The analysis quadrant comprises the content strategy. The other three quadrants are more tactical in nature, focusing on the implementation of the content strategy.

Analysis 

In the analysis phase, the content life cycle is concerned with the strategic aspects of content. A content strategist (or business analyst or information architect or writer) examines the need for various types of content within the context of both the business and of the content consumers, and for multiple outputs on multiple platforms.

The analysis has a bearing on how the content strategy is implemented in the other quadrants of the content life cycle. On a new project with new content, this is the beginning of the process. Much of the time, the process will start somewhere else in the cycle; a lot depends on a multitude of factors involved in changing content from a current state to its future state.

Collection 

Content collection includes the garnering of content for use within the framework set out in the analysis phase. Collection may be through content development - creating content or editing the content of others, content ingestion - syndication of content from other sources, or incorporation of localized content, or a hybrid of content integration and converge - such as integrating product descriptions from an outside organization with prices from a costing system, or the convergence of editorial and user-generated content from social media for simultaneous display.

Publish 

The publishing quadrant deals with the aspects of content that happen when the content is delivered to its output platform and ensuing transformations, manipulations, or uses of the content. Publishing the content is only a point in the first life cycle iteration; there are post-publishing considerations such as re-use and retention policies that require attention.

Management 

The management quadrant is concerned with the efficient and effective use of content. In organizations using technology to automate the management of content, the management aspect assumes use of a content management system (CMS) of some sort. In organizations with smaller amounts of content, with little need for workflow control, and virtually no single-sourcing requirements, manual management is possible.

However, in large enterprises, there is too much content, and there are too many variations of content output, to manage the content without some sort of system to automate whatever functions can be automated. The content configuration potential is enormous, and builds on the information gathered during the analysis and collection phases.

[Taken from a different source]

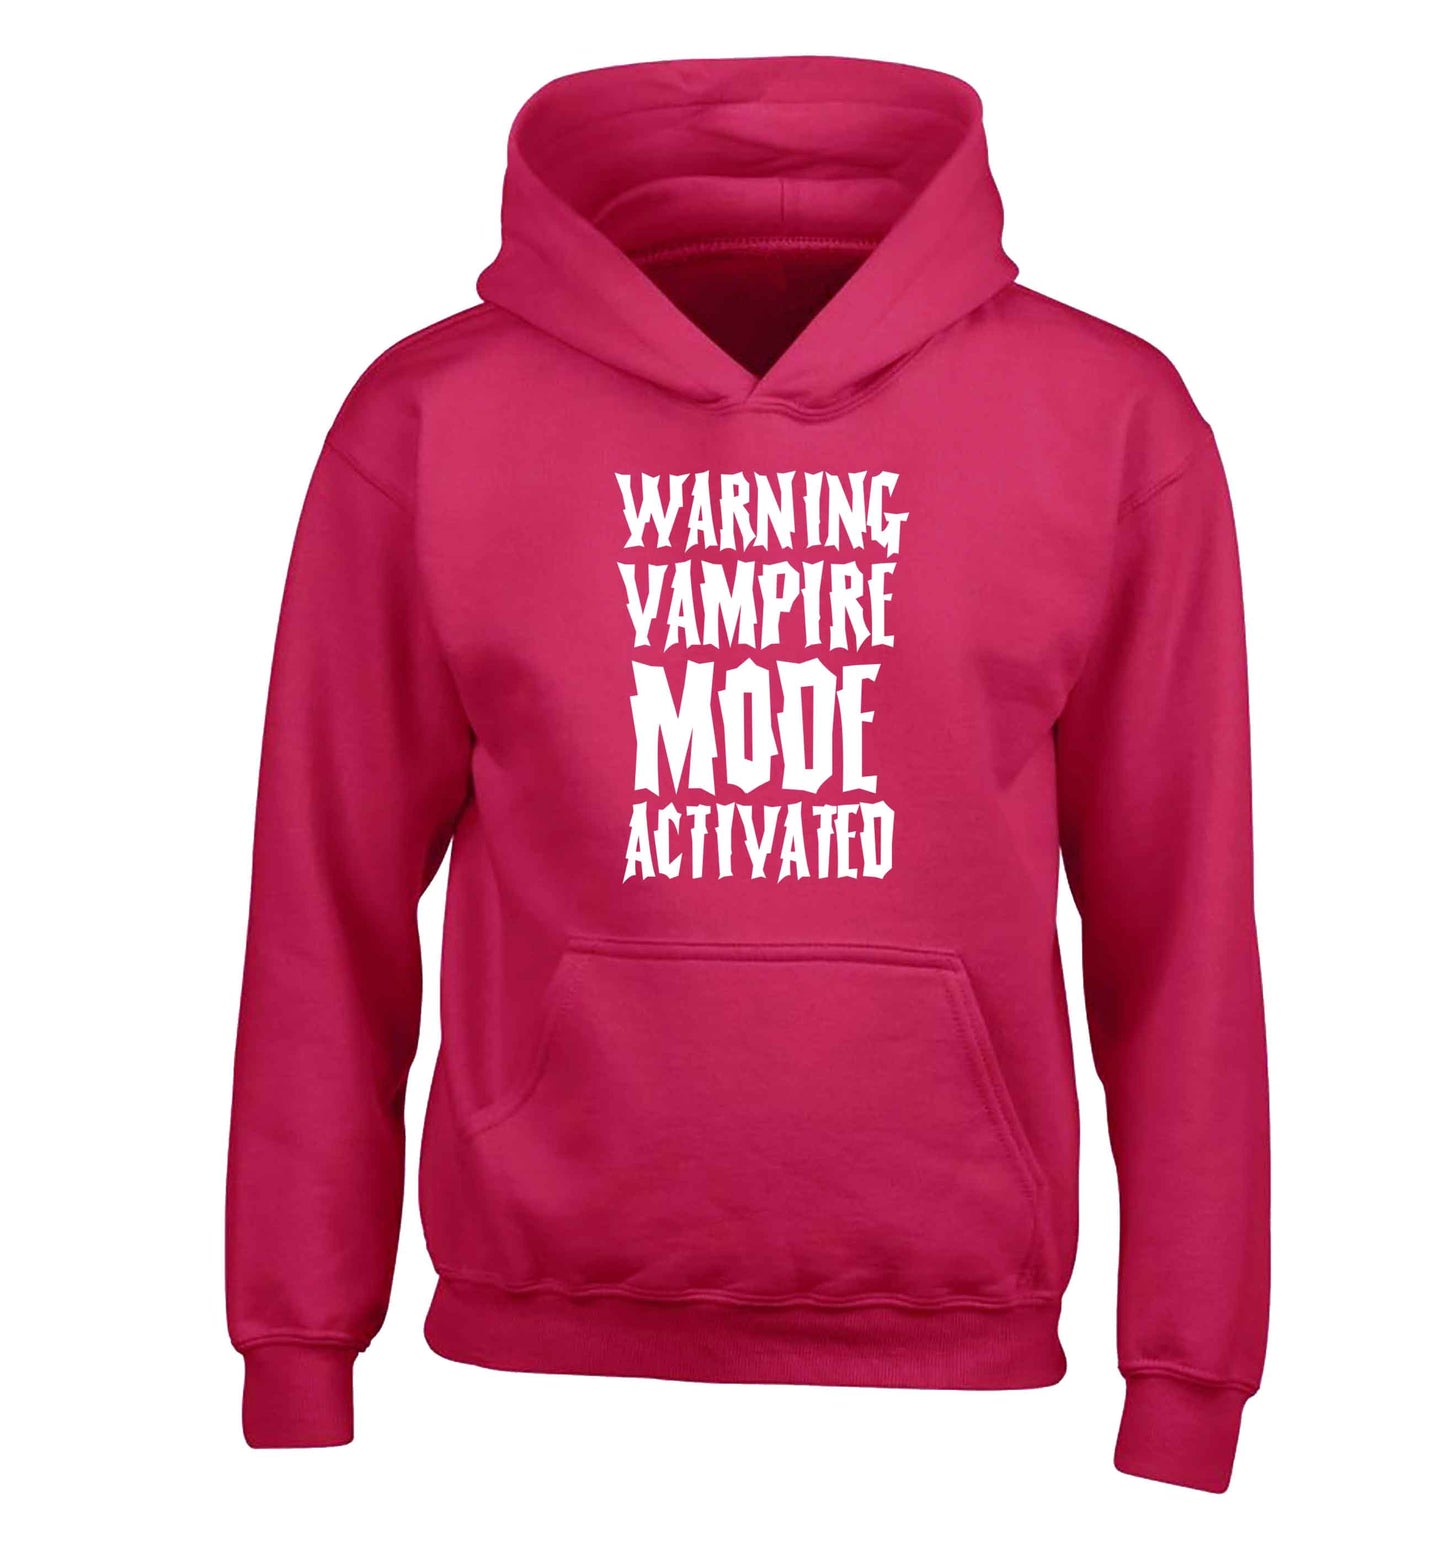 Warning vampire mode activated children's pink hoodie 12-13 Years

The solutions will be highly situational, and revolve around the inputs and outputs, the required content variables, the complexity of the publishing pipeline, and the technologies in play. The most basic questions are around adoption of standards and technologies, and determining components, content granularity, and how far up or down the publishing pipeline to implement specific techniques.

At its core, content strategy is a way of thinking that has direct impact on the way we do business. And the way we do business must include a clear focus on how we create, deliver, and govern our content. Because more than ever before, content has become one of the most valuable business assets.